Mr. GREENWOOD. We always try to hold our deficiency requirements

Mr. KIRWAN (interposing). Pardon me; I am not talking about that. You could have come in with this at the time the regular bill was being considered.

Mr. GREENWOOD. We have very limited facilities, to begin with, Mr. Chairman, for developing our plans and estimates, and that is one thing that delays us sometimes in preparing our estimates in cases of this kind. We would prefer to include all of our requirements in the regular bill.

Mr. KIRWAN. But you could have, while the committee was in session, come up with the deficiency or supplemental and had it all considered at the same time. That is what I am referring to. That could have been done any time before the committee adjourned to mark up the regular bill. I am not trying to say that you had to get it in the regular budget, but you had from November until we marked up the bill, and no one can convince me that you could not complete the plans for a $205,000 project in that length of time.

Mr. GREENWOOD. We could have.

Mr. KIRWAN. That is what I am referring to, rather than having it come up as a deficiency and requiring the Congress to start the appropriation machinery all over again.


Mr. JENSEN. You have $205,000 requested for the Bureau of Indian Affairs to build these barns that were destroyed by fire. What is the dimension of each of these buildings? Do you have that?

Mr. GREENWOOD. The horse barn will be 34 feet by 203 feet, contain 113,400 cubic feet, and will cost an estimate of 28 cents per cubic foot, for a total of $32,000.

The sheep barn will be 25 feet by 100 feet, and contain 37,500 cubic feet, and cost 25 cents per cubic foot.

Mr. JENSEN. I see you have a list here on page 2 of your justification of the very things I am asking for.

Mr. JENSEN. What kind of materials will be used?
Mr. GREENWOOD. This will be of frame construction.

Mr. JENSEN. What is the height of the sides of that barn? You see, I am an old lumberman myself and I have built a lot of barns in my time, and when you ask for $32,000 to build a barn of this size, which is only 34 feet wide and 203 feet long-well, $32,000 for å barn is a lot of money. It must be pretty high.

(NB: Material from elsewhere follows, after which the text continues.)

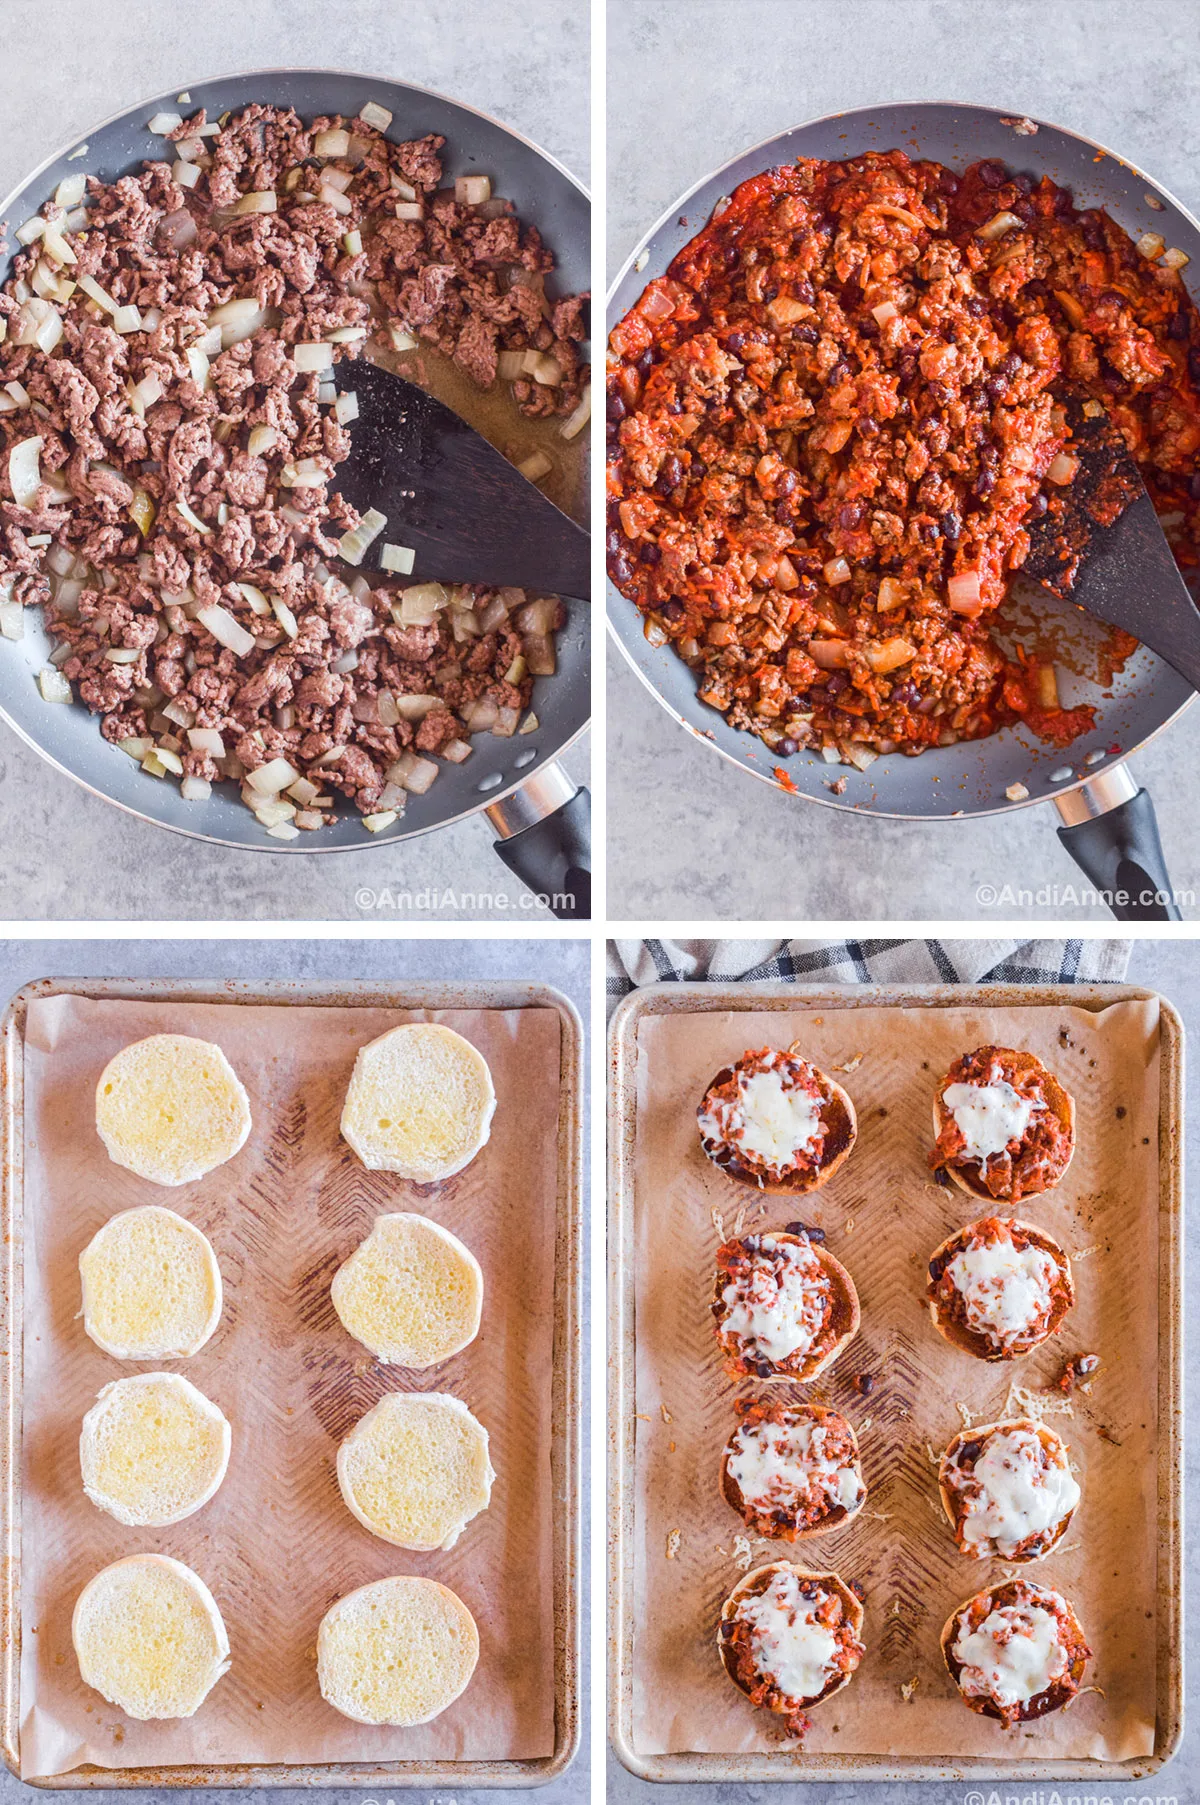 Four images grouped together showing steps to make recipe. First is ground beef and onion in frying pan. Second is ground beef mixed with pizza sauce, black beans and spices. Third is buns on a baking sheet. Fourth is pizza sloppy joes on a baking sheet.

Mr. GREENWOOD. This would be a two-story barn.
Mr. JENSEN. A two-story building?

Mr. GREENWOOD. Yes; it is about 17 feet, not including the roof space.

Mr. JENSEN. That makes some difference.


Now you are asking for additional personnel hire. You are requesting for personal services, $79,700. Does it mean you are going to hire extra personnel?

Mr. GREENWOOD. That would be just for labor necessary for the construction of the buildings. It would not be permanent labor.

Mr. JENSEN. That is you are not hiring anyone under civil service, particularly to see that the barns are properly built?

Mr. GREENWOOD. No; we will use the personnel there to supervise construction.

Mr. JENSEN. You will not put on a lot of extra help?
Mr. JENSEN. Just to do this construction?

Mr. GREENWOOD. The barn probably will be built by force account. We want to use student labor at the school in order to hold costs down.

Mr. JENSEN. I see.

Mr. GREENWOOD. But the students of course will be paid for their services.


Mr. JENSEN. Now with reference to the schoolhouse: How big is it; what are the dimensions of that school? I notice you want to have a two-room school?

Mr. GREENWOOD. That is correct.

Mr. JENSEN. The cost is $90,000 for a two-room school. They must be awfully big rooms.

Well, I see there is also a cottage. It is $62,900 for a two-room school. What is it; brick?

Mr. GREENWOOD. No; it will be frame construction, possibly it will be built by contract.

Mr. JENSEN. How big are the rooms?

Mr. GREENWOOD. They will be big enough to accommodate 30 pupils in each room.